In deze zaak heeft de Hoge Raad op 13 juli 2018 uitspraak gedaan in een cassatieberoep van belanghebbende tegen een eerdere uitspraak van de Centrale Raad van Beroep. De Centrale Raad had op 12 december 2017 uitspraak gedaan in een hoger beroep van het college van burgemeester en wethouders van de gemeente Amsterdam tegen een uitspraak van de Rechtbank Amsterdam. De zaak betreft een besluit van het College ingevolge de Participatiewet. Belanghebbende heeft tegen de uitspraak van de Centrale Raad beroep in cassatie ingesteld en daarbij verschillende klachten aangevoerd. Het College heeft hierop een verweerschrift ingediend.

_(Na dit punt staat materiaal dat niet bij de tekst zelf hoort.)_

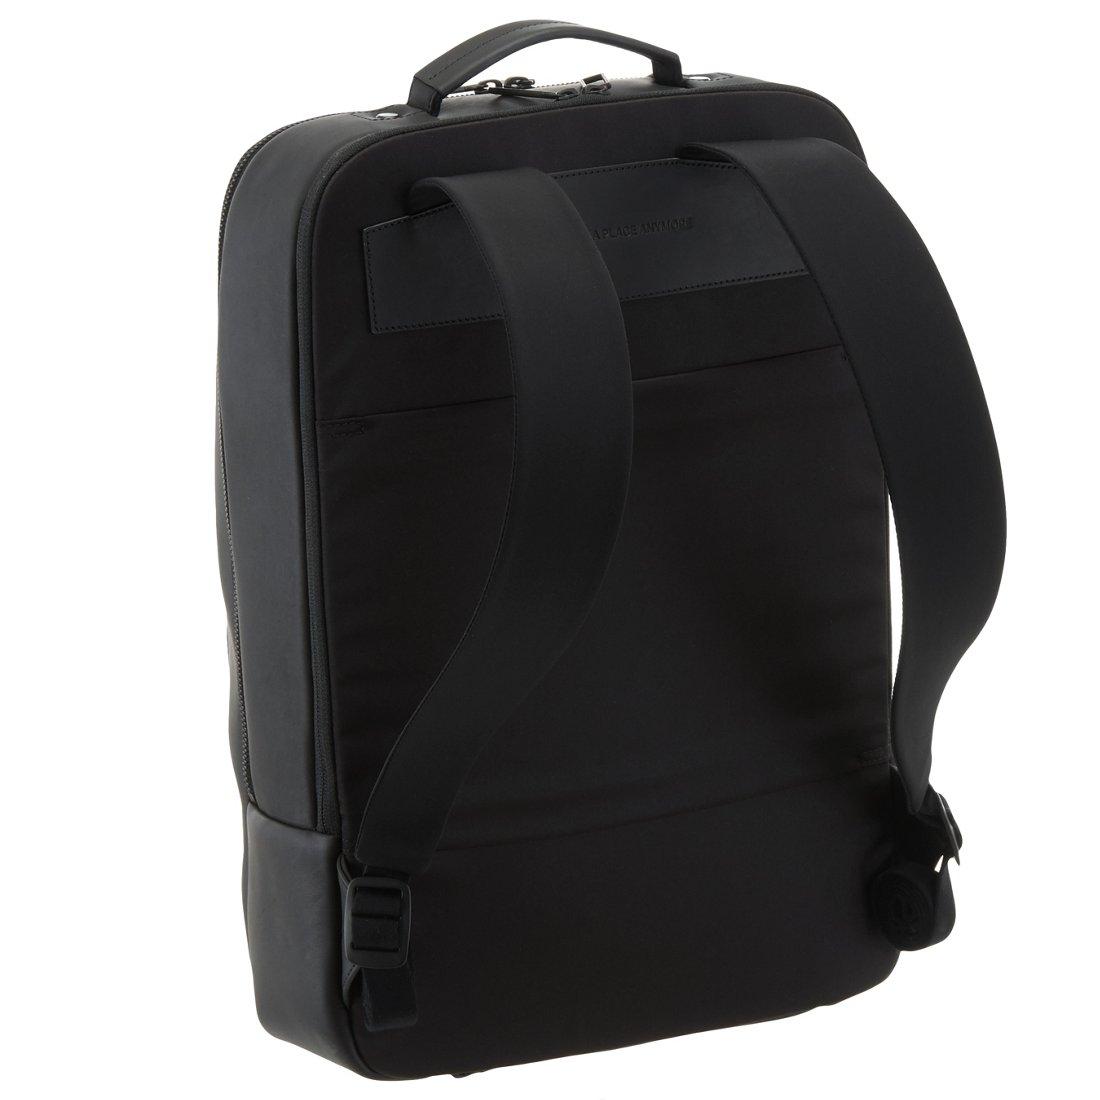 Salzen Backpacks Business Rucksack 43 cm - koffer-direkt.de c7d4faa507743

De Hoge Raad heeft de klachten van belanghebbende beoordeeld en geconcludeerd dat deze niet tot cassatie kunnen leiden. De Hoge Raad oordeelt dat, gezien artikel 81, lid 1, van de Wet op de rechterlijke organisatie, er geen nadere motivering nodig is, omdat de klachten niet nopen tot beantwoording van rechtsvragen die van belang zijn voor de rechtseenheid of de rechtsontwikkeling.
Daarnaast heeft de Hoge Raad geen termen aanwezig geacht voor een veroordeling in de proceskosten. Uiteindelijk heeft de Hoge Raad het beroep in cassatie ongegrond verklaard, waarmee de uitspraak van de Centrale Raad van Beroep in stand blijft.